Any risk measure should be viewed with suspicion if there are not a large number of historical observations of returns for the asset in question available. Depending on the measure, the number of observations required will vary greatly from a statistical standpoint. As a heuristic rule, ideally you will have data available on how the instrument performed through several economic cycles and shocks. When such a long history is not available, the investor or researcher has several options. A full discussion of the various approaches is beyond the scope of this introduction, so we will merely touch on several areas that an interested party may wish to explore in additional detail. Examining the returns of assets with a similar style, industry, or asset class to which the asset in question is highly correlated and shares other characteristics can be quite informative. Factor analysis may be used to uncover specific risk factors where transparency is not available. Various resampling (see `tsbootstrap`

) and simulation methods are available in **R** to construct an artificially long distribution for testing. If you use a method such as Monte Carlo simulation or the bootstrap, it is often valuable to use `chart.Boxplot`

to visualize the different estimates of the risk measure produced by the simulation, to see how small (or wide) a range the estimates cover, and thus gain a level of confidence with the results. Proceed with extreme caution when your historical data is lacking. Problems with lack of historical data are a major reason why many institutional investors will not invest in an alternative asset without several years of historical return data available.

*Traditional mean-VaR*:
In the early 90's, academic literature started referring to “value at risk”, typically written as VaR. Take care to capitalize VaR in the commonly accepted manner, to avoid confusion with var (variance) and VAR (vector auto-regression). With a sufficiently large data set, you may choose to use a non-parametric VaR estimation method using the historical distribution and the probability quantile of the distribution calculated using `qnorm`

. The negative return at the correct quantile (usually 95% or 99%), is the non-parametric VaR estimate. J.P. Morgan's RiskMetrics parametric mean-VaR was published in 1994 and this methodology for estimating parametric mean-VaR has become what people are generally referring to as “VaR” and what we have implemented as `VaR`

with `method="historical"`

. See Return to RiskMetrics: Evolution of a Standard at http://www.riskmetrics.com/r2rovv.html. Parametric traditional VaR does a better job of accounting for the tails of the distribution by more precisely estimating the tails below the risk quantile. It is still insufficient if the assets have a distribution that varies widely from normality. That is available in `VaR`

with `method="gaussian"`

.

The **R** package VaR, now orphaned, contains methods for simulating and estimating lognormal `VaR.norm` and generalized Pareto `VaR.gpd` distributions to overcome some of the problems with nonparametric or parametric mean-VaR calculations on a limited sample size. There is also a `VaR.backtest` function to apply simulation methods to create a more robust estimate of the potential distribution of losses. The VaR package also provides plots for its functions. We will attempt to incoporate this orphaned functionality in PerformanceAnalytics in an upcoming release.

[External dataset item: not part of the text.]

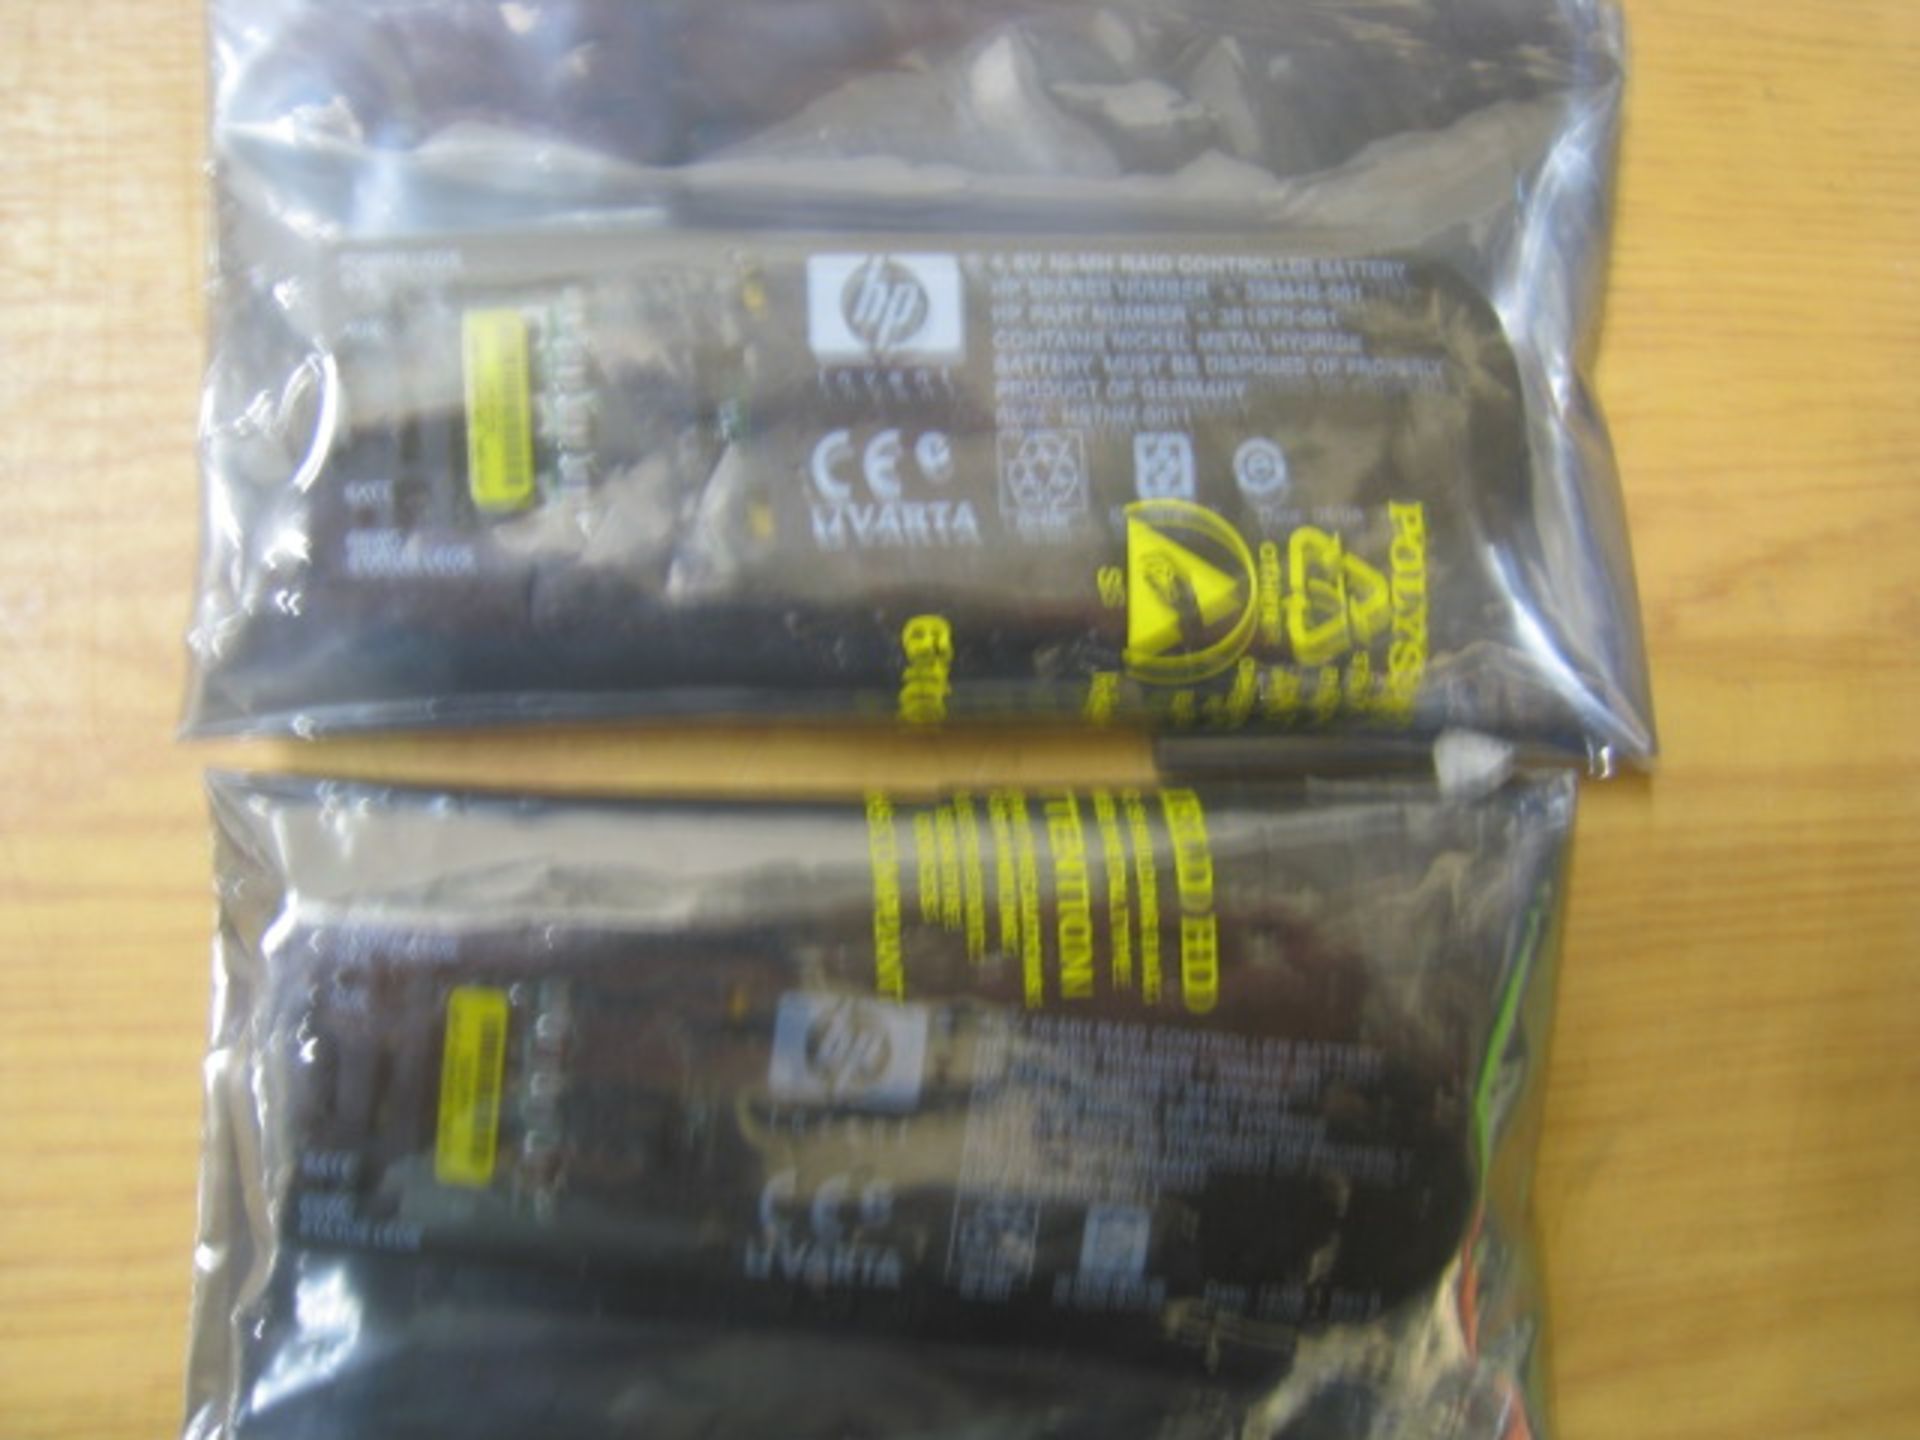 HP. 2 X 4.8V NI-MH RAID CONTROLLER BATTERY'S. HP P/N 381573-001 STILL SEALED IN ANTISTATIC BAGS - Image 2 of 2
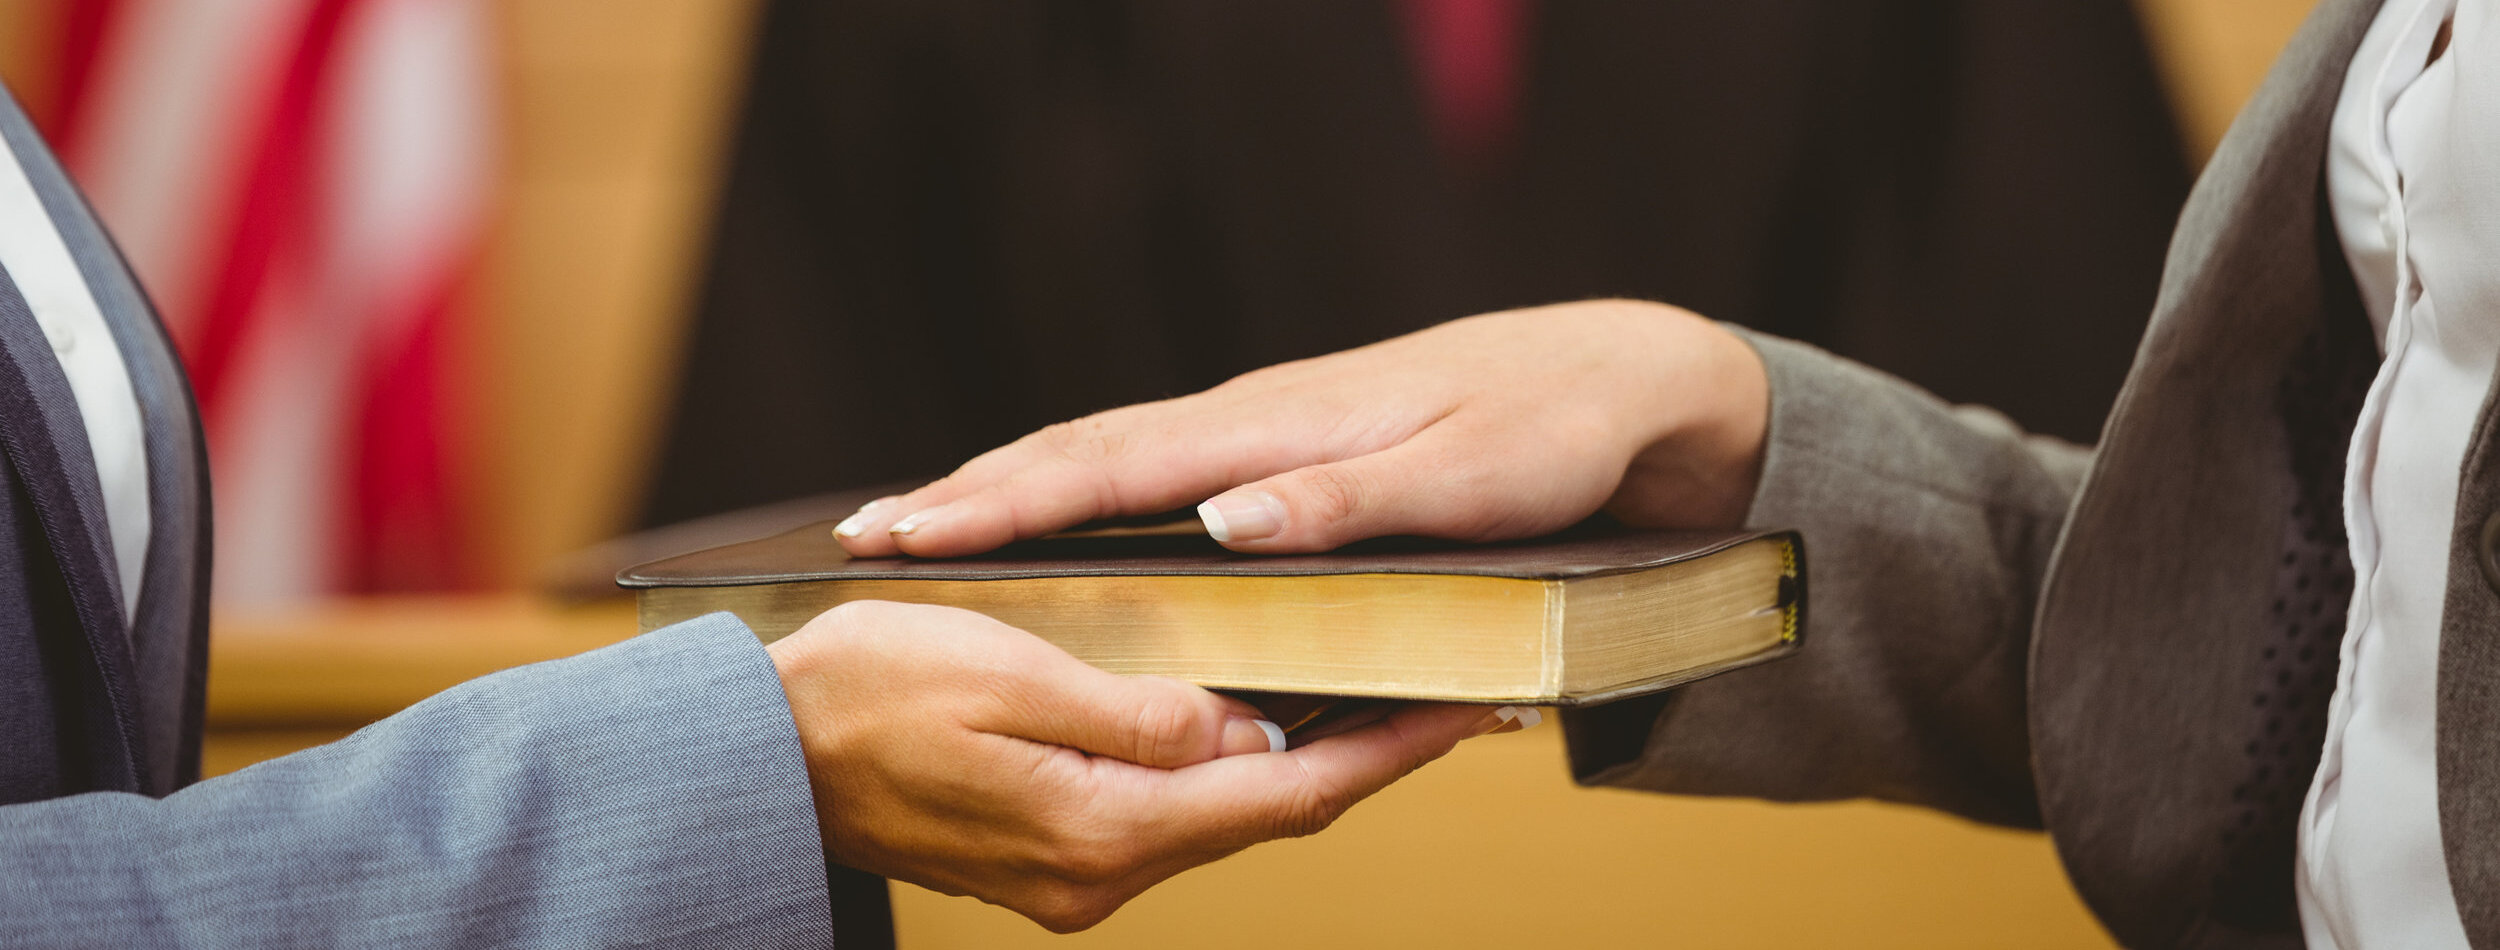 Witness swearing on the bible telling the truth in the court room

*Modified Cornish-Fisher VaR*:
The limitations of traditional mean-VaR are all related to the use of a symmetrical distribution function. Use of simulations, resampling, or Pareto distributions all help in making a more accurate prediction, but they are still flawed for assets with significantly non-normal (skewed and/or kurtotic) distributions. Huisman (1999) and Favre and Galleano (2002) propose to overcome this extensively documented failing of traditional VaR by directly incorporating the higher moments of the return distribution into the VaR calculation.

This new VaR measure incorporates skewness and kurtosis via an analytical estimation using a Cornish-Fisher (special case of a Taylor) expansion. The resulting measure is referred to variously as “Cornish-Fisher VaR” or “Modified VaR”. We provide this measure in function `VaR`

with `method="modified"`

. Modified VaR produces the same results as traditional mean-VaR when the return distribution is normal, so it may be used as a direct replacement. Many papers in the finance literature have reached the conclusion that Modified VaR is a superior measure, and may be substituted in any case where mean-VaR would previously have been used.

*Conditional VaR and Expected Shortfall*:
We have implemented Conditional Value at Risk, also called Expected Shortfall (not to be confused with shortfall probability, which is much less useful), in function `ES`

. Expected Shortfall attempts to measure the magnitude of the average loss exceeding the traditional mean-VaR. Expected Shortfall has proven to be a reasonable risk predictor for many asset classes. We have provided traditional historical, Gaussian and modified Cornish-Fisher measures of Expected Shortfall by using `method="historical"`

, `method="gaussian"`

or `method="modified"`

. See Uryasev(2000) and Sherer and Martin(2005) for more information on Conditional Value at Risk and Expected Shortfall. Please note that your milage will vary; expect that values obtained from the normal distribution may differ radically from the real situation, depending on the assets under analysis.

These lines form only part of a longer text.